### YOUR OBJECTIVE
Some entries follow. Reproduce exactly the lines starting at the one with "Dried Floral Arrangement" and stopping after the one with "Colour lithograph Phoenix".

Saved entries
*** Block opens ***

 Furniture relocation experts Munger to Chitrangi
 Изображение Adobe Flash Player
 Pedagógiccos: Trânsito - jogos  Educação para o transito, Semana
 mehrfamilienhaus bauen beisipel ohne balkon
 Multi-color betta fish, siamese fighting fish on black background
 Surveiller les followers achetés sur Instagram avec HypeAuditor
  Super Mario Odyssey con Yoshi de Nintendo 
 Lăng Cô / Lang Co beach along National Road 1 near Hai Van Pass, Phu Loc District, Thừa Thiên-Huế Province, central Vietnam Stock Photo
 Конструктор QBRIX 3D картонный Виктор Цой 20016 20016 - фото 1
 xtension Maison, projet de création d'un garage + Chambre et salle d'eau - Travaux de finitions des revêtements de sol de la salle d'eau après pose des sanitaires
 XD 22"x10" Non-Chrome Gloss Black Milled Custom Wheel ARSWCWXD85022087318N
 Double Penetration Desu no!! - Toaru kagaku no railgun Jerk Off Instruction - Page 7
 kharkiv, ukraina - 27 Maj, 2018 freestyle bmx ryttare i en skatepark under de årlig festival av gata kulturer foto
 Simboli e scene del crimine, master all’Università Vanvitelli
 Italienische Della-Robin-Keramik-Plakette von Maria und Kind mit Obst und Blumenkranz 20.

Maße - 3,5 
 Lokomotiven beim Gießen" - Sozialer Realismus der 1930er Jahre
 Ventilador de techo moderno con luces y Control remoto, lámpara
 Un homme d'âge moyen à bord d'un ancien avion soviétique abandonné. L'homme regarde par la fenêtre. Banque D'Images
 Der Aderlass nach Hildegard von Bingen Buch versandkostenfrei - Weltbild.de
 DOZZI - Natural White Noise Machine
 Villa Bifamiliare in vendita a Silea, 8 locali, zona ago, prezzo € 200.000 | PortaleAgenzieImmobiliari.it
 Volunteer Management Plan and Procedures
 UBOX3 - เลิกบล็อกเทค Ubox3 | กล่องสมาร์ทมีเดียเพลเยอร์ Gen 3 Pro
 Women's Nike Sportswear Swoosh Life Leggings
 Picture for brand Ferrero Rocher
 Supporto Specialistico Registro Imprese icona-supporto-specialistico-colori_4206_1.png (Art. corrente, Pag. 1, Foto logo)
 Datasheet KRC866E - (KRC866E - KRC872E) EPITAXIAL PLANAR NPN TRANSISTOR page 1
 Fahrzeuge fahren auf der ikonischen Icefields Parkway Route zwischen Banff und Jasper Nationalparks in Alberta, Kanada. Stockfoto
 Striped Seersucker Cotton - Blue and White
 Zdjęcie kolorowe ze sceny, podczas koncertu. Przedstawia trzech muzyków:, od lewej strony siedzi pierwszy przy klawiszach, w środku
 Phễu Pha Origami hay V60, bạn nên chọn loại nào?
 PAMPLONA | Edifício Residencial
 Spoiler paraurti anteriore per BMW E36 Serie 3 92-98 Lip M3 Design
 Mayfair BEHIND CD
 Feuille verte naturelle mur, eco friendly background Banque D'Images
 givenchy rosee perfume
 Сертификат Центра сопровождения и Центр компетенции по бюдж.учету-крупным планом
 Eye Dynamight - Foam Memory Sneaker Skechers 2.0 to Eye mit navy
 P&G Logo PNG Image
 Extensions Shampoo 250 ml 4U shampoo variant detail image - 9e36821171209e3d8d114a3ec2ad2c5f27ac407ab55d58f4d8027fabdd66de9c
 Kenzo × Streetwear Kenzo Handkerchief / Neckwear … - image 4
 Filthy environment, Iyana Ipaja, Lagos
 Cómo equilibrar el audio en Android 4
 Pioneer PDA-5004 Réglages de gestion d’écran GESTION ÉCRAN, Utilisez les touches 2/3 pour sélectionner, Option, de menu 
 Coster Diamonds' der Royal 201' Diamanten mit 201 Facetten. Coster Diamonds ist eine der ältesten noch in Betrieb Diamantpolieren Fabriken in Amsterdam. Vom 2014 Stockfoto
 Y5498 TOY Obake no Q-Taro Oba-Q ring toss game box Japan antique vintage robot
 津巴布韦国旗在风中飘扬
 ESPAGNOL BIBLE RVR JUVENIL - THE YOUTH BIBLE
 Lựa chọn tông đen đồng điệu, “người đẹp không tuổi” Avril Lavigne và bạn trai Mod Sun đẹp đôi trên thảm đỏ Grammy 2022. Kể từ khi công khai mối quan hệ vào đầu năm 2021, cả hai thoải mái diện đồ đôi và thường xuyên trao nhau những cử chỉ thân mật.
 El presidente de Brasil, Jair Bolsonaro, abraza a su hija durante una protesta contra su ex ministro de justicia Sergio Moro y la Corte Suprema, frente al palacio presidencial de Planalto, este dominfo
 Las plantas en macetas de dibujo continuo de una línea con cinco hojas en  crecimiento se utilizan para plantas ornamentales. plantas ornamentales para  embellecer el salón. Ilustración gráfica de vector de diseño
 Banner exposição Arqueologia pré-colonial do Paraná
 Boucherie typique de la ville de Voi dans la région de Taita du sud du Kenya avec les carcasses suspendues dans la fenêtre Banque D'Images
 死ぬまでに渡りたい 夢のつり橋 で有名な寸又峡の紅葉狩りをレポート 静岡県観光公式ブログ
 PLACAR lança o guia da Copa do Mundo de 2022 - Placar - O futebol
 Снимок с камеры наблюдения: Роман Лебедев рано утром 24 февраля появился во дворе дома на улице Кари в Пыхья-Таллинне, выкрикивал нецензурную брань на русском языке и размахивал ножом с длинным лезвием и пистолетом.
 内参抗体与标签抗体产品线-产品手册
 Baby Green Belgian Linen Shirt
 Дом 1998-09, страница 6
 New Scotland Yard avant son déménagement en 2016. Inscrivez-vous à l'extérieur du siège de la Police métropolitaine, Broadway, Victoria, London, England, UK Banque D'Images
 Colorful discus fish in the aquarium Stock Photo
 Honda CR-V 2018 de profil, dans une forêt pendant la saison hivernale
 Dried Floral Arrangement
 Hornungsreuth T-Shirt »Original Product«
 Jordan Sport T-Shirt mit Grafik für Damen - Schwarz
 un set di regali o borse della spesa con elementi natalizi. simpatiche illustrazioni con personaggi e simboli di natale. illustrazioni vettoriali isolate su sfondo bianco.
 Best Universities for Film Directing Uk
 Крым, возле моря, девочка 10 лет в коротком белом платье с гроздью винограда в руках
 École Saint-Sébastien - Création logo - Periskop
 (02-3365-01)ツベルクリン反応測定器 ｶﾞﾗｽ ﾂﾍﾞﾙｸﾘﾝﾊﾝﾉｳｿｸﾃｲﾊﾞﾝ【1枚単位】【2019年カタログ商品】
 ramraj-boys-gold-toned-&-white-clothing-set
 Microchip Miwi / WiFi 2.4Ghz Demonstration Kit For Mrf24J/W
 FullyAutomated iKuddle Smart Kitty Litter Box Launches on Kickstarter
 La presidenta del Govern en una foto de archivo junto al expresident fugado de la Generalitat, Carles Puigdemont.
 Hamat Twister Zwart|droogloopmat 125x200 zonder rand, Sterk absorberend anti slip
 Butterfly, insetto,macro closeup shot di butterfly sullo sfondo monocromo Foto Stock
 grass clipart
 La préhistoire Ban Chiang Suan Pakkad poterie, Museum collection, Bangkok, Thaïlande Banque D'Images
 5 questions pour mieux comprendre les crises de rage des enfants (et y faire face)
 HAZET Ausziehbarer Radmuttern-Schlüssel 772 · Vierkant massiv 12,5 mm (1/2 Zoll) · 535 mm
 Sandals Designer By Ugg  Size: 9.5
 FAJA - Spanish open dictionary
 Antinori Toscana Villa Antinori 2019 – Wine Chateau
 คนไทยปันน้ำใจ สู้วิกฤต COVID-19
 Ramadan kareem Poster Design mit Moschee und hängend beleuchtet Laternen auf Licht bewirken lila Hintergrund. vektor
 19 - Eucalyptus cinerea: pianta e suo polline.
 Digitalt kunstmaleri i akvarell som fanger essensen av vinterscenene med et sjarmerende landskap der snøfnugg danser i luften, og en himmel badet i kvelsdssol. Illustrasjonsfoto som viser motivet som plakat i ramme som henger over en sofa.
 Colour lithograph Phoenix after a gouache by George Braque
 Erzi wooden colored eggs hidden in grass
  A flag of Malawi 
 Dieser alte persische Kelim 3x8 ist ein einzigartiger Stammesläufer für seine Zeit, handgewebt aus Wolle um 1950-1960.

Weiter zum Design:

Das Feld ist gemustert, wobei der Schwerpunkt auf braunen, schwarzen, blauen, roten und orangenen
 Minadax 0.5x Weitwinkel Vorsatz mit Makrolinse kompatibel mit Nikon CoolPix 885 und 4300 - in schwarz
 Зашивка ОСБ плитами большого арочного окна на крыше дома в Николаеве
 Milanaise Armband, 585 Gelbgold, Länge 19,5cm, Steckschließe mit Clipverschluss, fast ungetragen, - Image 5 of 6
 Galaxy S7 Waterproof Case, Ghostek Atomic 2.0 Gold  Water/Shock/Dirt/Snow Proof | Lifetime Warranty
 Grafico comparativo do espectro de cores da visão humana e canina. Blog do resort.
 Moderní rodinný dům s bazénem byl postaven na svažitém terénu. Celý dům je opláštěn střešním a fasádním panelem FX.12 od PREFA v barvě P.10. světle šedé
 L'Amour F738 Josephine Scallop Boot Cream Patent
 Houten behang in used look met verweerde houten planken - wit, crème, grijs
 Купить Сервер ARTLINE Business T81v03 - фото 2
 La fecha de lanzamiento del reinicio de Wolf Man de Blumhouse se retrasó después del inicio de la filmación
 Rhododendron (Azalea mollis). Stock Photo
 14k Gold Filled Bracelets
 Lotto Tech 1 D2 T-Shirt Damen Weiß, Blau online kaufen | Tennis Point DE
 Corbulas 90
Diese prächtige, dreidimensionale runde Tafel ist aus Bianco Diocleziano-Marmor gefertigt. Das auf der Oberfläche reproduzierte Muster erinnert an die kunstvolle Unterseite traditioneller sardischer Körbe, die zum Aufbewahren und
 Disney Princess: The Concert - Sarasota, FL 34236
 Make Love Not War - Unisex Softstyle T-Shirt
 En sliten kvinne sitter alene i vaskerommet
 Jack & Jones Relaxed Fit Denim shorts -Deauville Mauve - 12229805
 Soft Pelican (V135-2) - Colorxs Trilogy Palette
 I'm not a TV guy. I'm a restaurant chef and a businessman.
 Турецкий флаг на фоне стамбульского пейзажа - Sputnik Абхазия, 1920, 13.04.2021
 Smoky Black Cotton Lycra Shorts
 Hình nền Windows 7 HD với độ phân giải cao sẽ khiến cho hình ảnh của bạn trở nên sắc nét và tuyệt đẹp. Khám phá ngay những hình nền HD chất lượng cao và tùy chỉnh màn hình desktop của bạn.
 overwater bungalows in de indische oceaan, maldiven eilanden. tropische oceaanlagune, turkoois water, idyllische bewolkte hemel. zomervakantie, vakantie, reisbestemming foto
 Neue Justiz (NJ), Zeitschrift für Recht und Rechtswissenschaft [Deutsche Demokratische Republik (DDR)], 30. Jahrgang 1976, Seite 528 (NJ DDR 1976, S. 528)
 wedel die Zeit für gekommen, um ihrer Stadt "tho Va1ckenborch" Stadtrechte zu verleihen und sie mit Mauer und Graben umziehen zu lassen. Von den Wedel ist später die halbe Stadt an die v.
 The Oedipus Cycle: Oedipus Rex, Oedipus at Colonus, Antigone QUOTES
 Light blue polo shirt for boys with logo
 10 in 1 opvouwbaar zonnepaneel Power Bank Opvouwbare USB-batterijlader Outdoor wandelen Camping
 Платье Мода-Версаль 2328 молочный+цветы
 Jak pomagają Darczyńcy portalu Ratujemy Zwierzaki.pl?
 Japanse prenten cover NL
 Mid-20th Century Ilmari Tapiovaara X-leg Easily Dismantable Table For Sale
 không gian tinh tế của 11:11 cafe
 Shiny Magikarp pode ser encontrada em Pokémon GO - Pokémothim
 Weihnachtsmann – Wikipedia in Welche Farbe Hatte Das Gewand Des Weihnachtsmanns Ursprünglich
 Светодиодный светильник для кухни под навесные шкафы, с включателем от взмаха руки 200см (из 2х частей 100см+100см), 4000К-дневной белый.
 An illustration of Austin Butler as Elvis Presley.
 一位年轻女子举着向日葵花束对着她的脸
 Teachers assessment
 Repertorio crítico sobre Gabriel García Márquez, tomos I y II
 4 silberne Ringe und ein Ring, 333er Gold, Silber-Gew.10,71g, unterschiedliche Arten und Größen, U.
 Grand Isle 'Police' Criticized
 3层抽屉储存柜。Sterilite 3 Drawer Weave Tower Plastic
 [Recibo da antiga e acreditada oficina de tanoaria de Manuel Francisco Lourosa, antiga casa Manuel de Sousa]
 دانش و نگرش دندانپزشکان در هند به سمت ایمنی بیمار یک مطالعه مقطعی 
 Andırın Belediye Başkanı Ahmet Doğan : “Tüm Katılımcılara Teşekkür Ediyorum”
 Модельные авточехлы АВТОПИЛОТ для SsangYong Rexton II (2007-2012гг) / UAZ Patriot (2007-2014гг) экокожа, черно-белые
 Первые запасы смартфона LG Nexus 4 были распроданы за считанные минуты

*** Block closes ***

### TASK OUTPUT
 Dried Floral Arrangement
 Hornungsreuth T-Shirt »Original Product«
 Jordan Sport T-Shirt mit Grafik für Damen - Schwarz
 un set di regali o borse della spesa con elementi natalizi. simpatiche illustrazioni con personaggi e simboli di natale. illustrazioni vettoriali isolate su sfondo bianco.
 Best Universities for Film Directing Uk
 Крым, возле моря, девочка 10 лет в коротком белом платье с гроздью винограда в руках
 École Saint-Sébastien - Création logo - Periskop
 (02-3365-01)ツベルクリン反応測定器 ｶﾞﾗｽ ﾂﾍﾞﾙｸﾘﾝﾊﾝﾉｳｿｸﾃｲﾊﾞﾝ【1枚単位】【2019年カタログ商品】
 ramraj-boys-gold-toned-&-white-clothing-set
 Microchip Miwi / WiFi 2.4Ghz Demonstration Kit For Mrf24J/W
 FullyAutomated iKuddle Smart Kitty Litter Box Launches on Kickstarter
 La presidenta del Govern en una foto de archivo junto al expresident fugado de la Generalitat, Carles Puigdemont.
 Hamat Twister Zwart|droogloopmat 125x200 zonder rand, Sterk absorberend anti slip
 Butterfly, insetto,macro closeup shot di butterfly sullo sfondo monocromo Foto Stock
 grass clipart
 La préhistoire Ban Chiang Suan Pakkad poterie, Museum collection, Bangkok, Thaïlande Banque D'Images
 5 questions pour mieux comprendre les crises de rage des enfants (et y faire face)
 HAZET Ausziehbarer Radmuttern-Schlüssel 772 · Vierkant massiv 12,5 mm (1/2 Zoll) · 535 mm
 Sandals Designer By Ugg  Size: 9.5
 FAJA - Spanish open dictionary
 Antinori Toscana Villa Antinori 2019 – Wine Chateau
 คนไทยปันน้ำใจ สู้วิกฤต COVID-19
 Ramadan kareem Poster Design mit Moschee und hängend beleuchtet Laternen auf Licht bewirken lila Hintergrund. vektor
 19 - Eucalyptus cinerea: pianta e suo polline.
 Digitalt kunstmaleri i akvarell som fanger essensen av vinterscenene med et sjarmerende landskap der snøfnugg danser i luften, og en himmel badet i kvelsdssol. Illustrasjonsfoto som viser motivet som plakat i ramme som henger over en sofa.
 Colour lithograph Phoenix after a gouache by George Braque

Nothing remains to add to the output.